Hi all,
currently one can request grouped statistics for a single statistics only when using the aggregate() function. The type is passed through the 3rd paramter funcname (of type string). Here an example computing the mean:
set verbose off
open data4-10 -q
# series/list mode
list L = ENROLL CATHOL
matrix m = aggregate(L, REGION, mean)
print m
A useful feature is if the third parameter funcname could be a string array allowing the user to request multiple statistics (each must return a scalar value for each distinct group).
Currently, this is quite cumbersome to do:
set verbose off
open data4-10 -q
# series/list mode
list L = ENROLL CATHOL
list groupby = REGION
matrix avg = aggregate(L, groupby, mean)
matrix std = aggregate(L, groupby, sd) # make sure you group by the same variables
matrix combine = avg ~ std[,2+nelem(groupby):]
# labels not unique; adding the name of the statistics requested in brackets would be useful
strings column_labels = cnameget(avg) + cnameget(std)[2+nelem(groupby):]

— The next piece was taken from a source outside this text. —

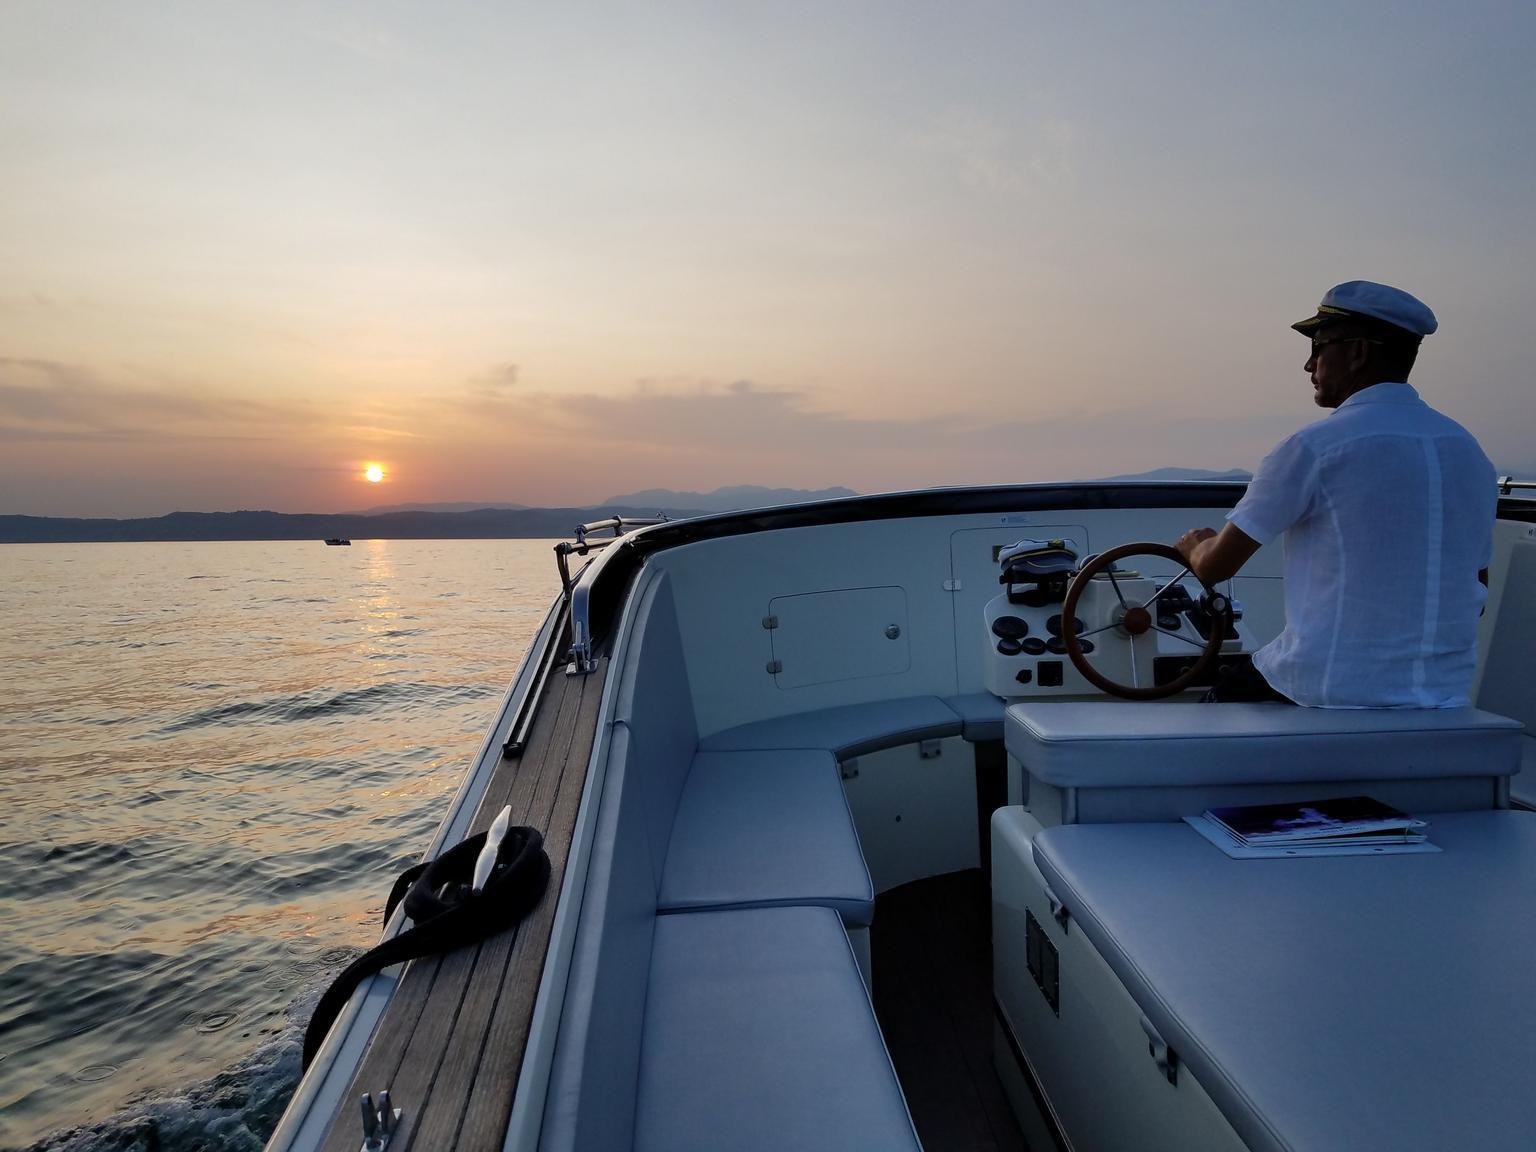 MAIS FOTOS, Excursão privada do Lago di Garda ao pôr do sol com prosecco

cnameset(combine, column_labels)
print combine
Here a pseudo-example using series as data input:
list L = ENROLL CATHOL
strings stats = defarray("mean", "median", "sd")
matrix m = aggregate(L, REGION, stats)
print m
Best
Artur
Well, I find aggregate() already quite complex. In the list case, for example, one would then need a convention about the ordering of the result columns, would it be by series/variable or by aggregation method?
I can see a potential argument relating to a speed gain, because the grouping doesn't have to be done again and again. So the question IMO is, is the complexity worth the gain? Is speed actually an issue?
I agree with Sven: aggregate is complex enough already.
Allow me to close this - sorry, Artur, but it seems others are not enthusiastic about squeezing more stuff into aggregate().